Según el auto de Calama, el HSI obtuvo en 2021 un clonado telefónico del móvil de Reyes que, aunque inicialmente estaba orientado a una investigación por contrabando, reveló comunicaciones con instrucciones para mover fondos ilícitos, gestionar préstamos de rescate y coordinar pagos ilegales. En esas conversaciones entre terceros se habla de “nuestro amigo pana Zapatero” como persona que podía lograr el rescate del Gobierno español a la aerolínea.
Los mensajes del móvil de Reyes se han revelado claves para reconstruir las gestiones de Plus Ultra en torno a la consecución del rescate público en España. La Policía sostiene que esos intercambios permiten seguir los contactos de Plus Ultra para intentar influir en el Gobierno y apuntan a distintas vías de influencia, en especial, la atribuida al entorno del mismo Zapatero. La petición de Calama busca blindar la validez de esa prueba para su eventual uso en juicio. El abogado de Zapatero ha pedido la nulidad de la causa porque el volcado del teléfono de Reyes pudo hacerse sin autorización judicial y sin respetar la cadena de custodia.

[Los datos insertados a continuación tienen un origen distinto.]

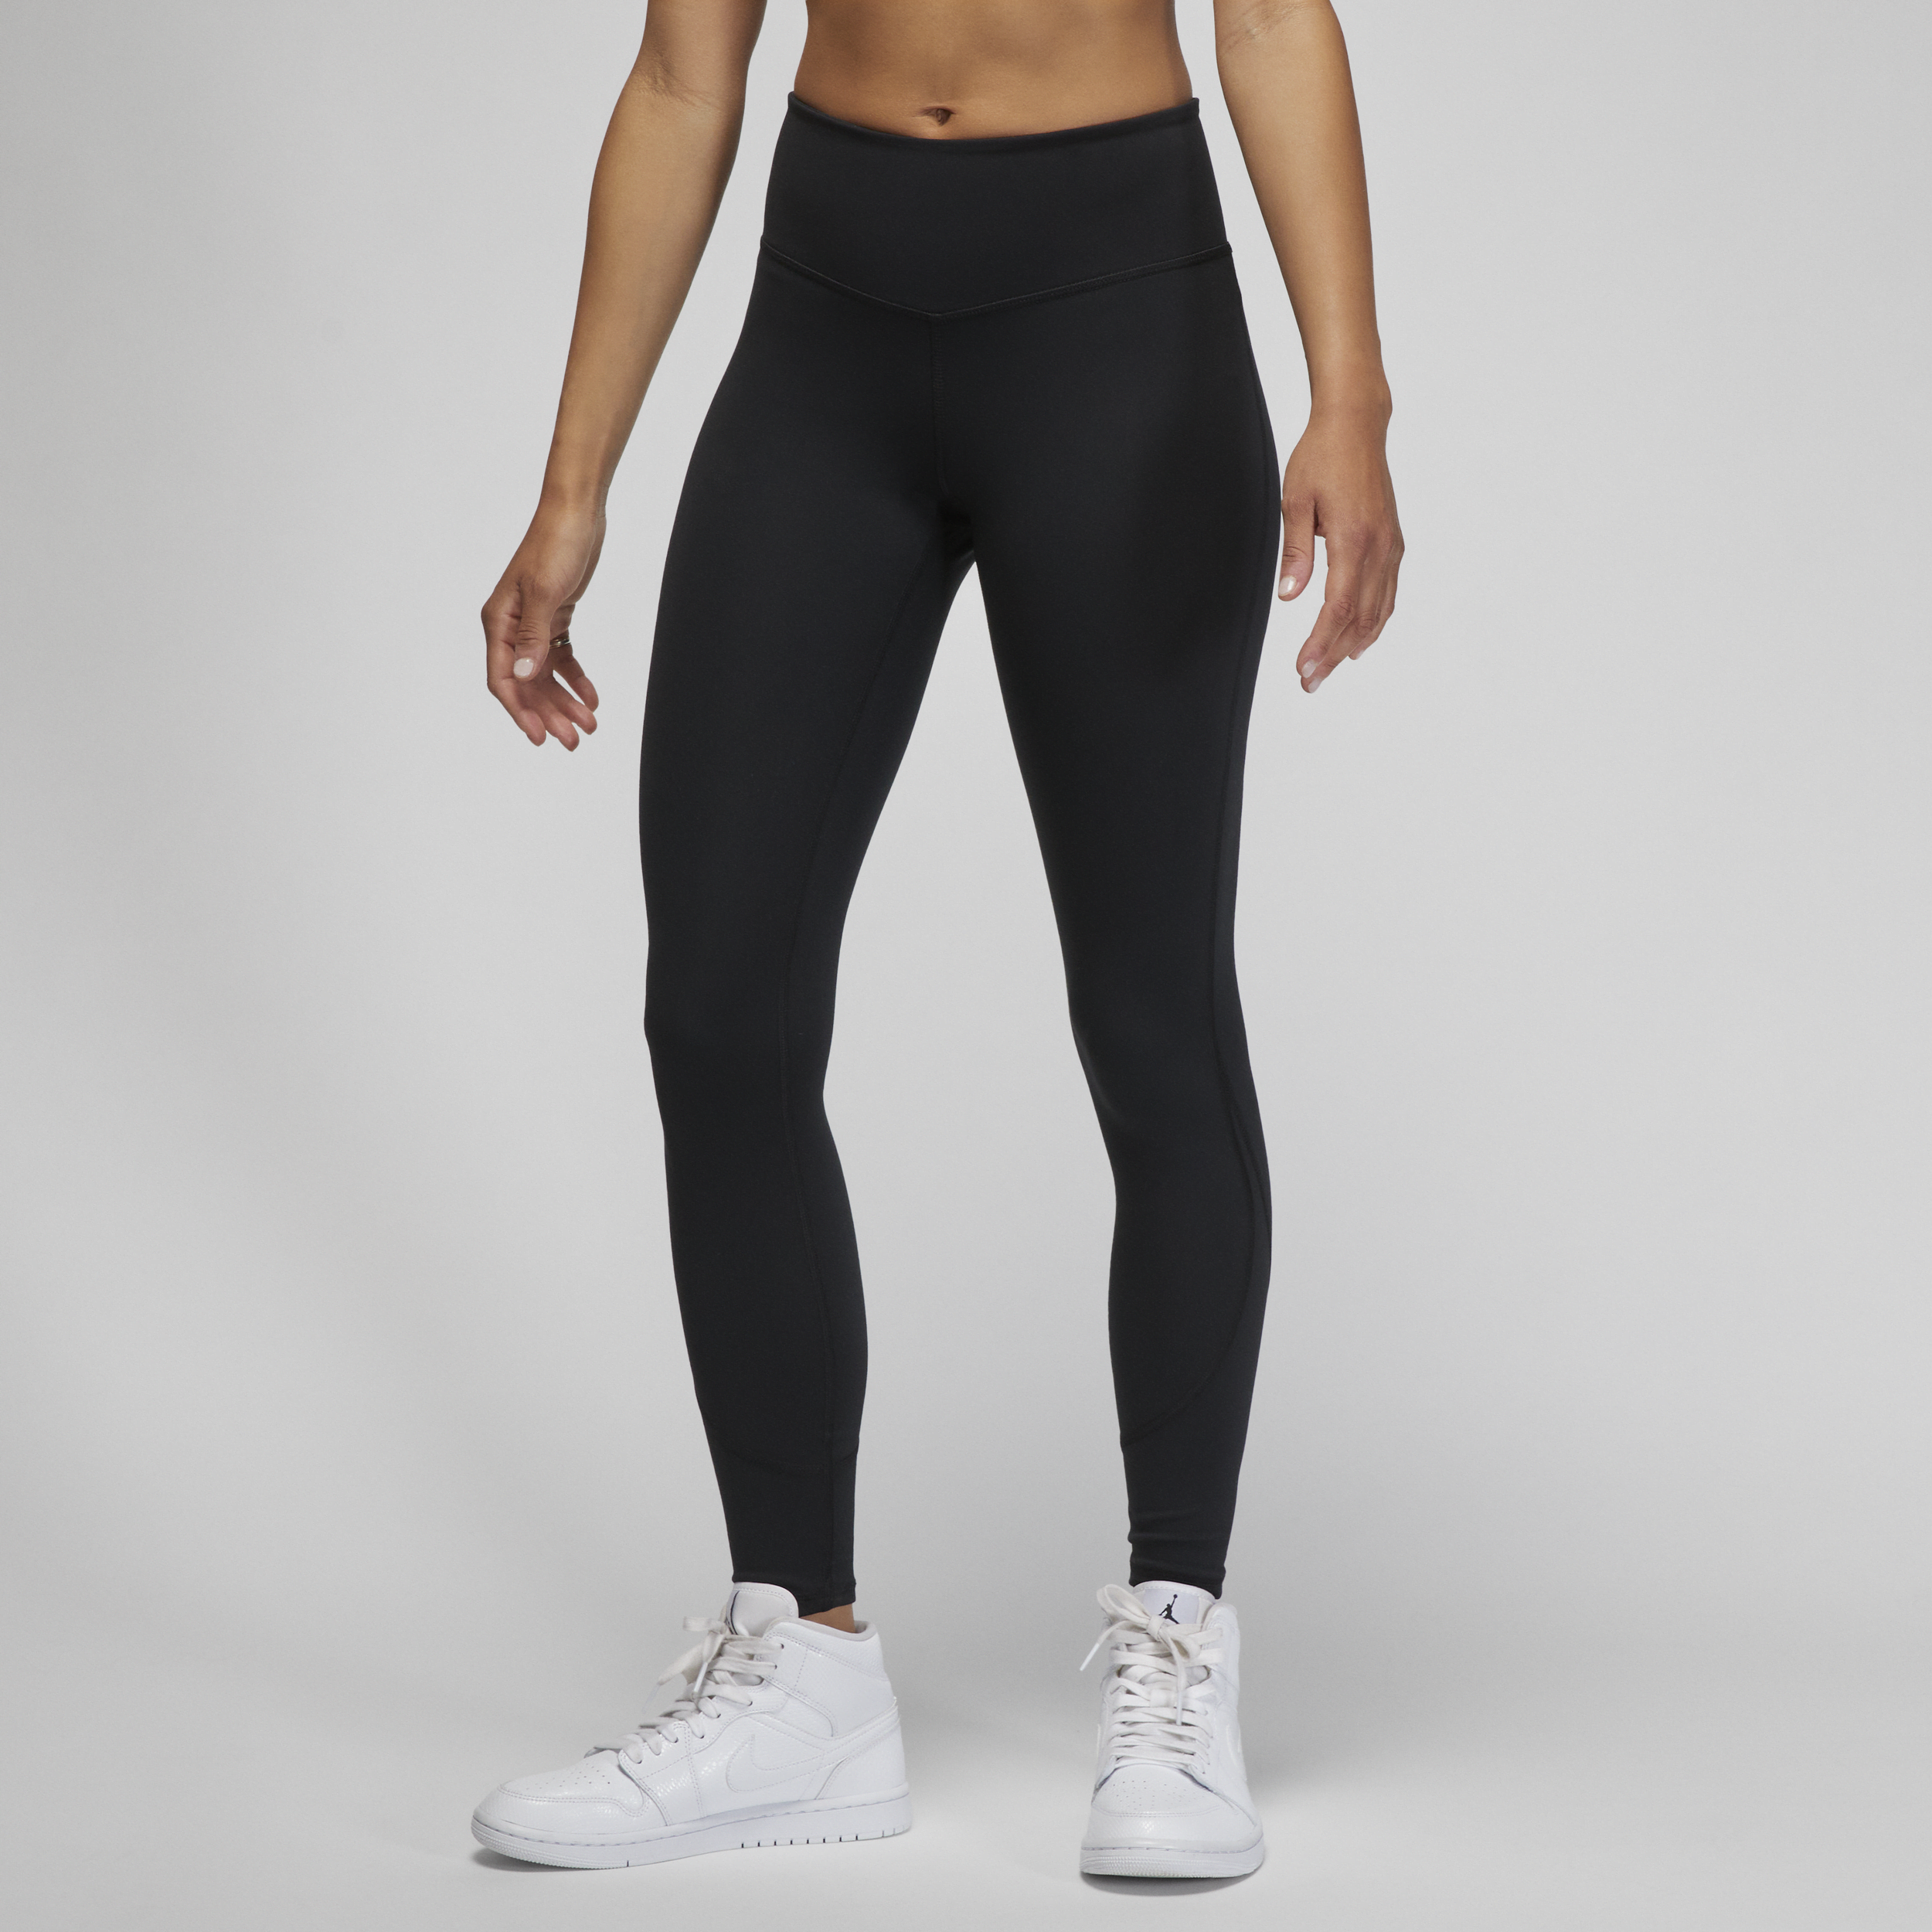 Jordan Sport Leggings - Mujer - Negro

El juez ha relanzado así la petición de cooperación con EEUU por el teléfono de Reyes como también lo ha hecho con Suiza por MBaer mientras la causa mantiene abiertas las líneas de Dominicana, Puerto Rico y otras jurisdicciones. El objetivo de la investigación es aclarar si los movimientos bajo sospecha responden a una estructura internacional de influencia, blanqueo y circulación de fondos vinculada a Venezuela.